В шкатулке ее нашли письмо. Мать распоряжалась в нем некоторыми вещами и бумагами и завещала Лену на воспитание к Гиммерам, о чем она давно уже договорилась с сестрой Софьей Михайловной. Любовь к сестре, сохранившаяся у нее с дней юности, помешала ей до конца понять эту женщину: мать была искренне убеждена в ее доброте, в ее любви ко всей их семье и думала, что Лене будет лучше с ней, чем с отцом.
XВ день своего отъезда Лена встала чуть свет; тихо, чтобы не разбудить Сережи и тети Сони, спавшей с ними в детской, оделась и, ступая на цыпочках по холодным половицам, пробралась в отцовский кабинет, выходивший окнами на улицу.

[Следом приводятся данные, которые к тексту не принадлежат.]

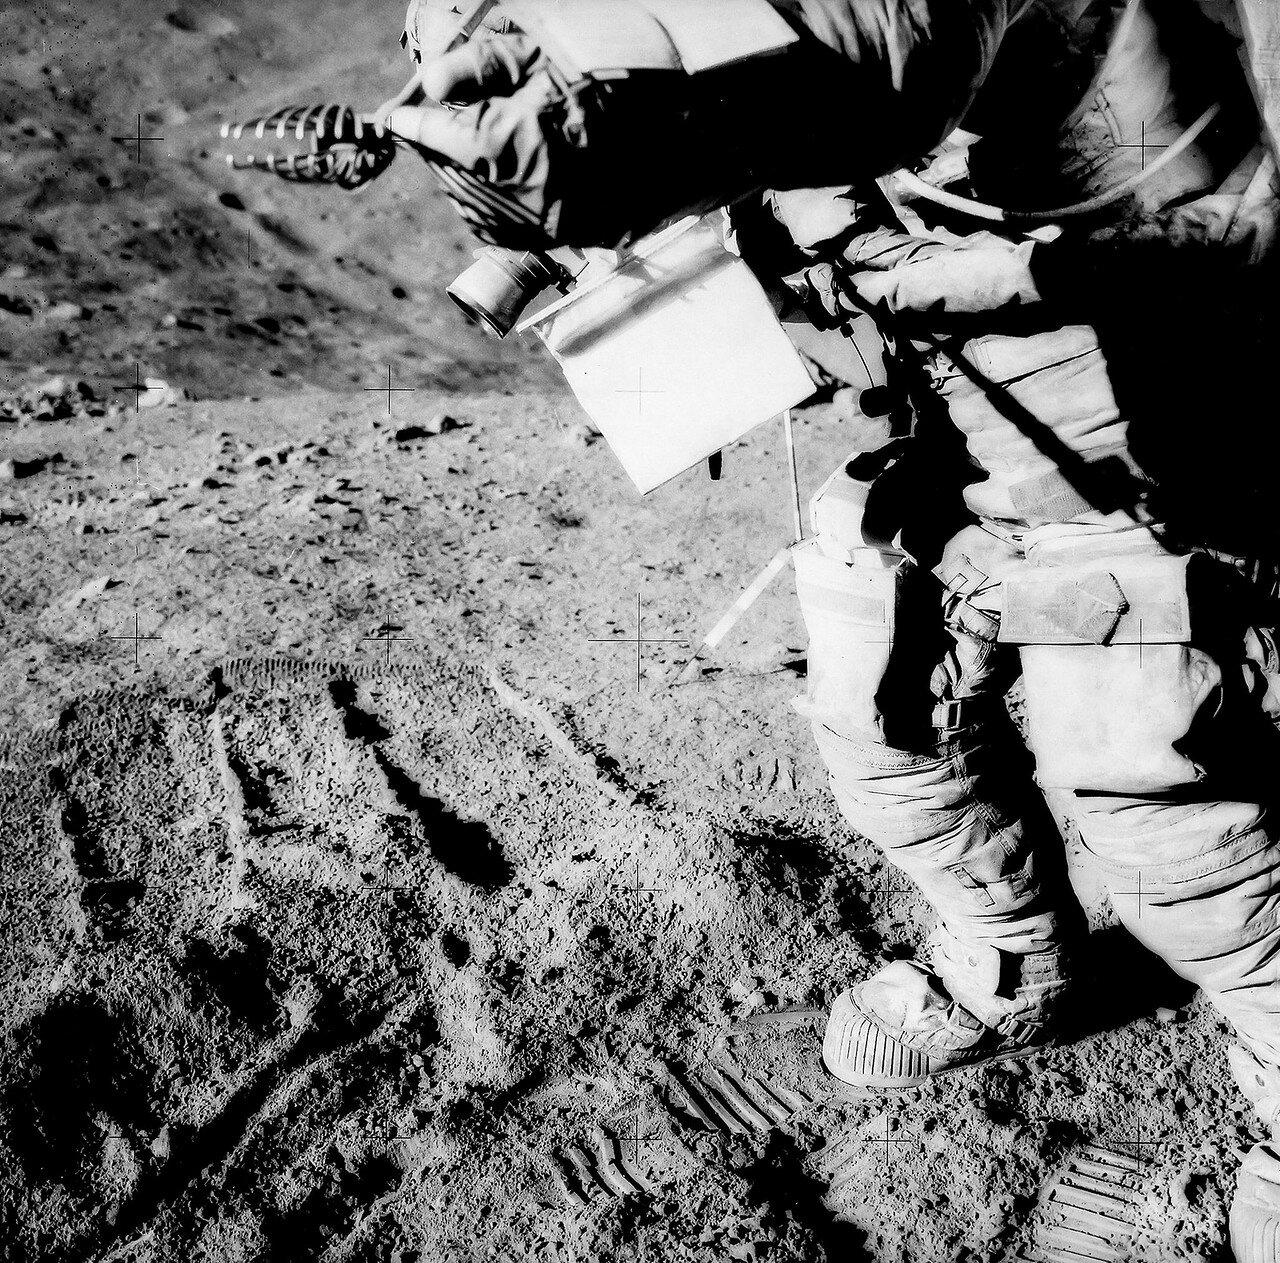 Вернувшись к лунному модулю, астронавты загрузили собранные образцы породы и кассеты с отснятой фотоплёнкой в контейнеры и, насколько это было возможно, щёткой почистили друг друга от лунной пыли. На снимке: Дэвид Скотт, покрытый лунной пылью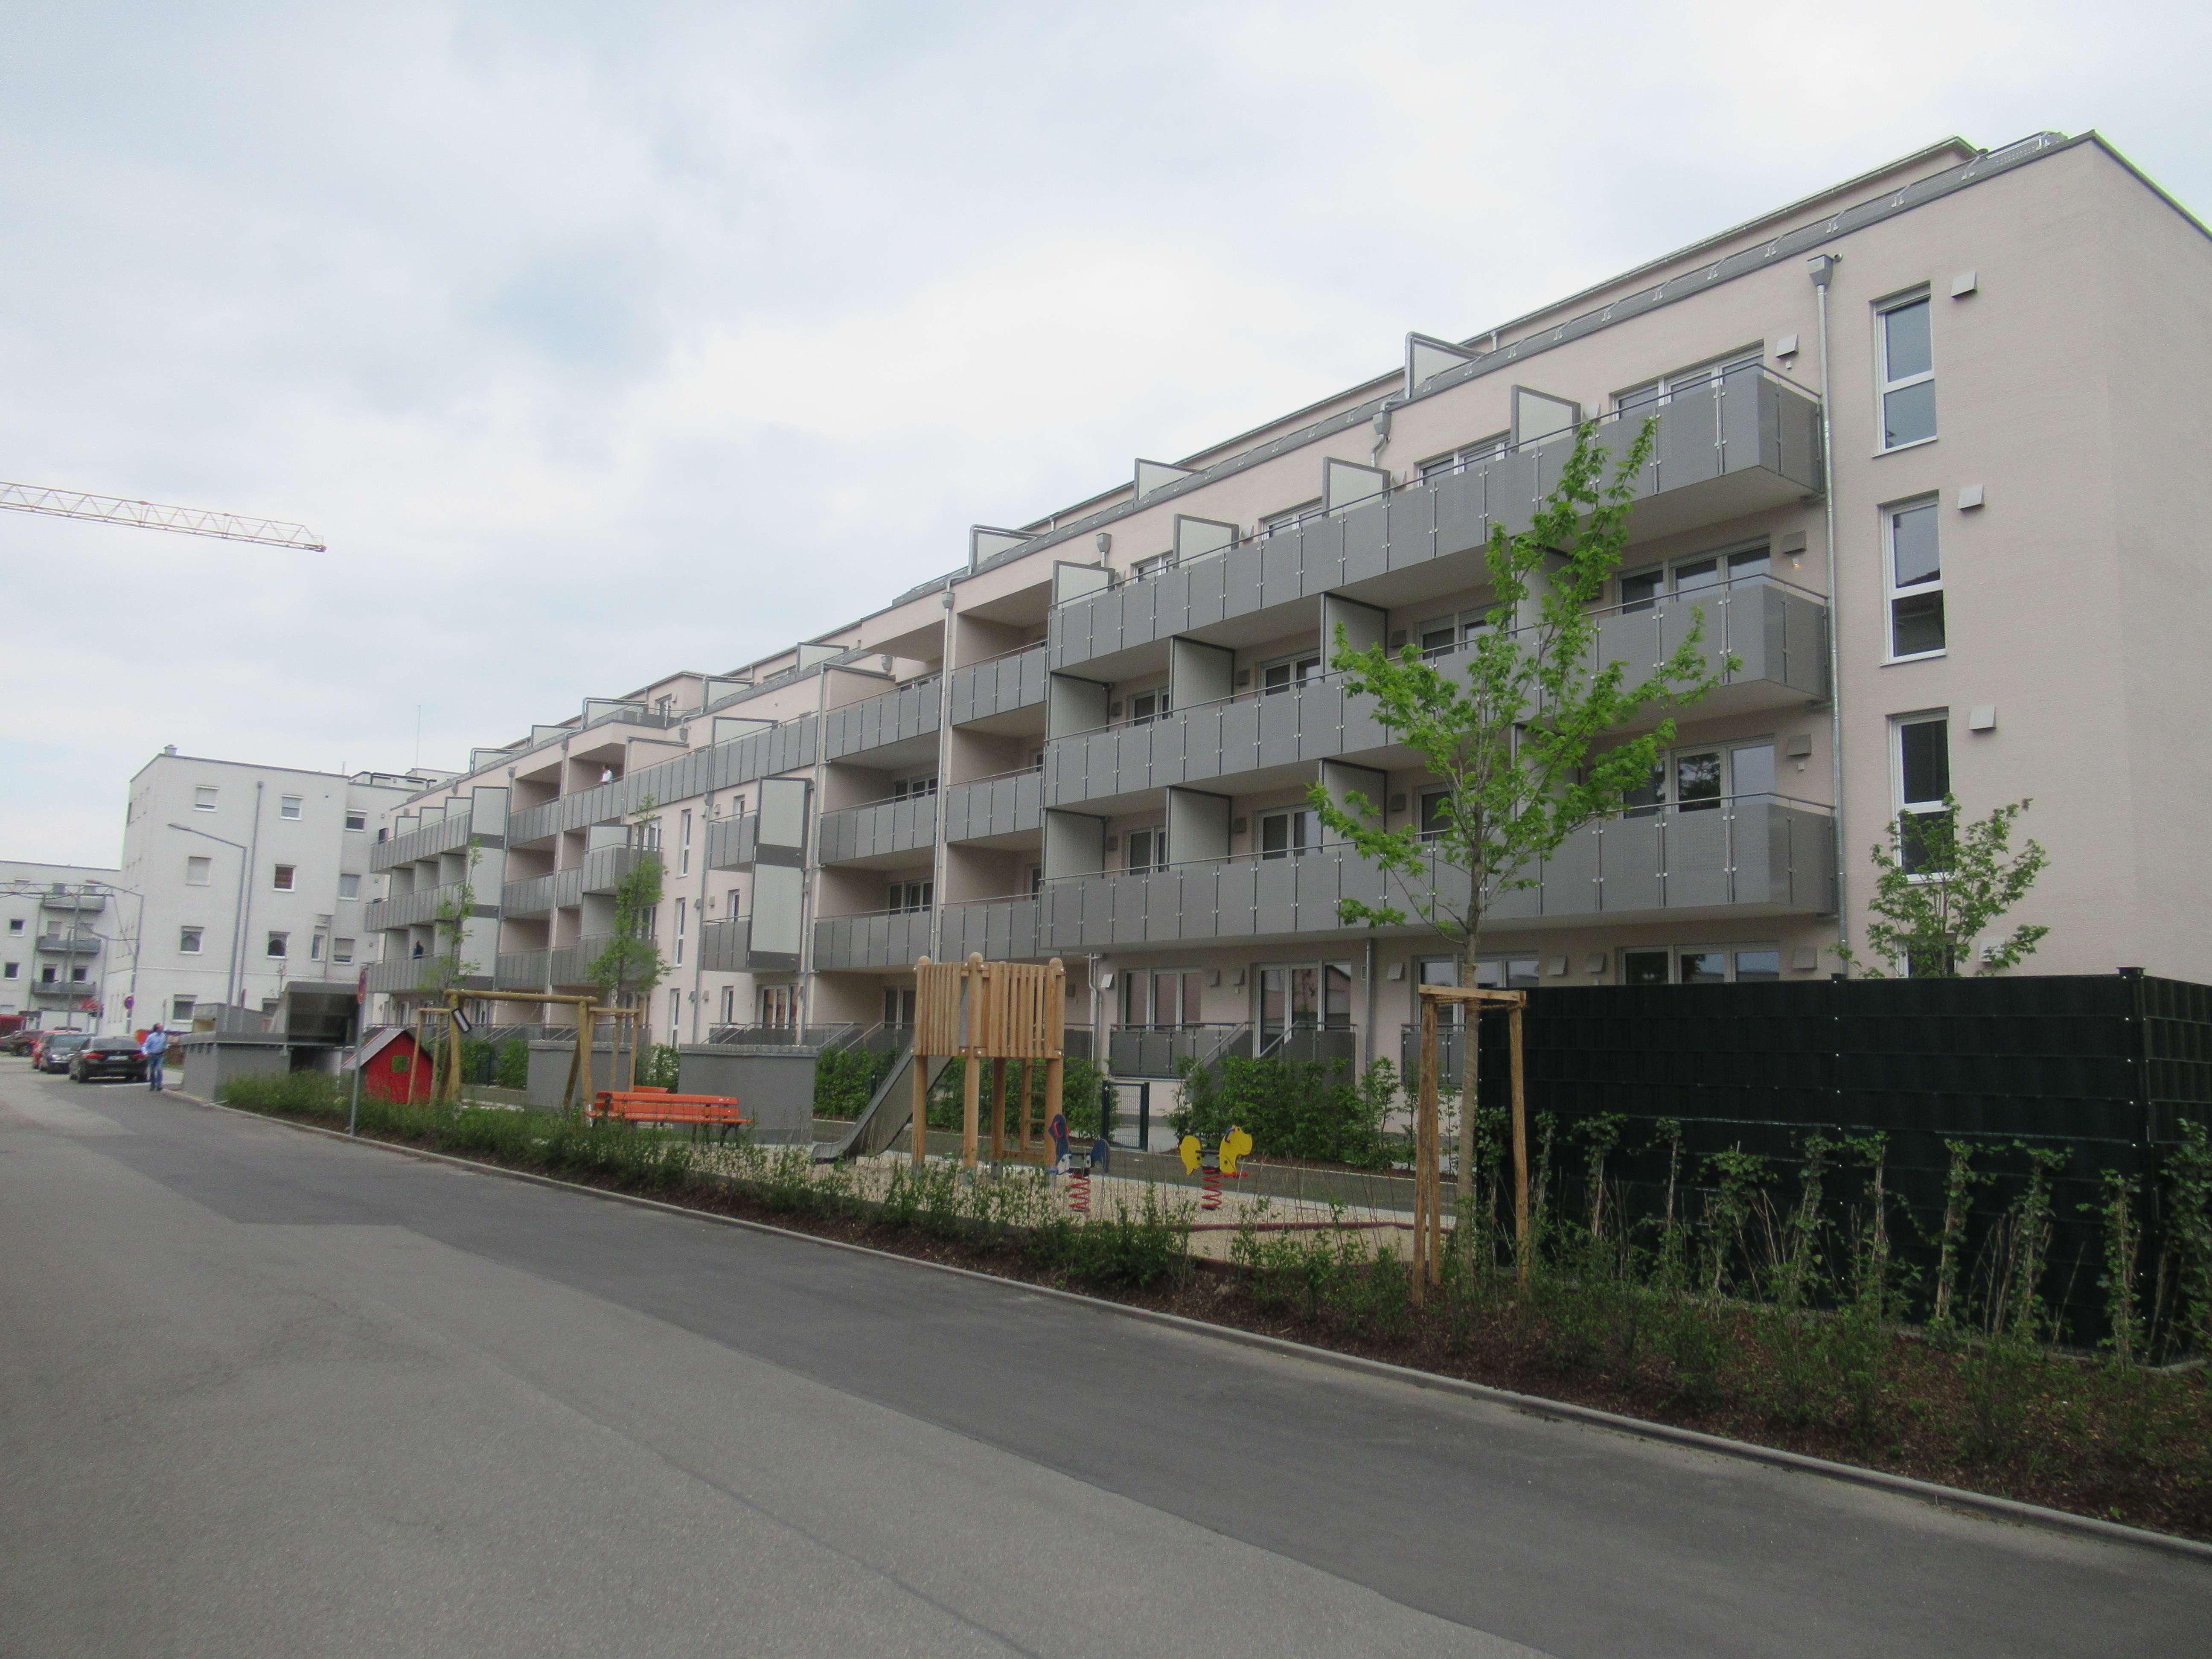 Erstbezug: Vermietung von 2 schönen kleinen Wohnungen mit EBK und Balkon in

Она была влюблена в скобеевского пастушка, который каждые утро и вечер прогонял стадо мимо их окон и играл на жалейке. Она любила его за то, что он был простоголов, грязно одет, не боялся коров и людей и, казалось, не хотел быть никем другим, кроме как тем, кем он был. Она ни разу не решилась поговорить с ним и даже близко подойти к нему, – она любила его из окна, – но любовь эта занимала большое место в ее жизни.
Усевшись на подоконнике, калачиком поджав ноги и прислонившись к косяку окна своей немного крупной по телу, темно-русой головкой, она долго смотрела на пустынную улицу, на серый ряд изб по той стороне ее, на согнутую бабью спину во дворе напротив, – баба доила корову, – на чуть шевелившиеся от утреннего ветерка макушки деревьев за избами, на дальние, еще темноватые сопки, поверх которых чуть алело. Она сидела без движения, изредка поводя бровями, – брови у нее были широкие и темные, как у матери, и немного приподнятые; она всегда точно удивлялась чему-то.
Из некоторых дворов бабы уже выгнали коров на улицу, слышно было пенье петухов, потом издалека донесся слабый звук жалейки, но Лена не шелохнулась. Звук жалейки становился все слышнее и слышнее, его перебивали бабьи возгласы, мычание коров, хлопанье бича; вот появились в окне степенно и крупно ступающий буро-белый бугай и поспешающие за ним головные коровы, и потекло мимо окна рябое, красное, белое, черное, пегое, сверкающее рогами на только что брызнувшем из-за сопок солнце, мычащее и поматывающее головами стадо. За ним шел пастух в высокой шапке и маленький простоголовый пастушонок с грязной шеей, в плотно обутых лаптишках. Пастушонок шел, закинув голову, и играл на жалейке. Ресницы у Лены дрогнули, она зябко шевельнула плечиками и снова замерла.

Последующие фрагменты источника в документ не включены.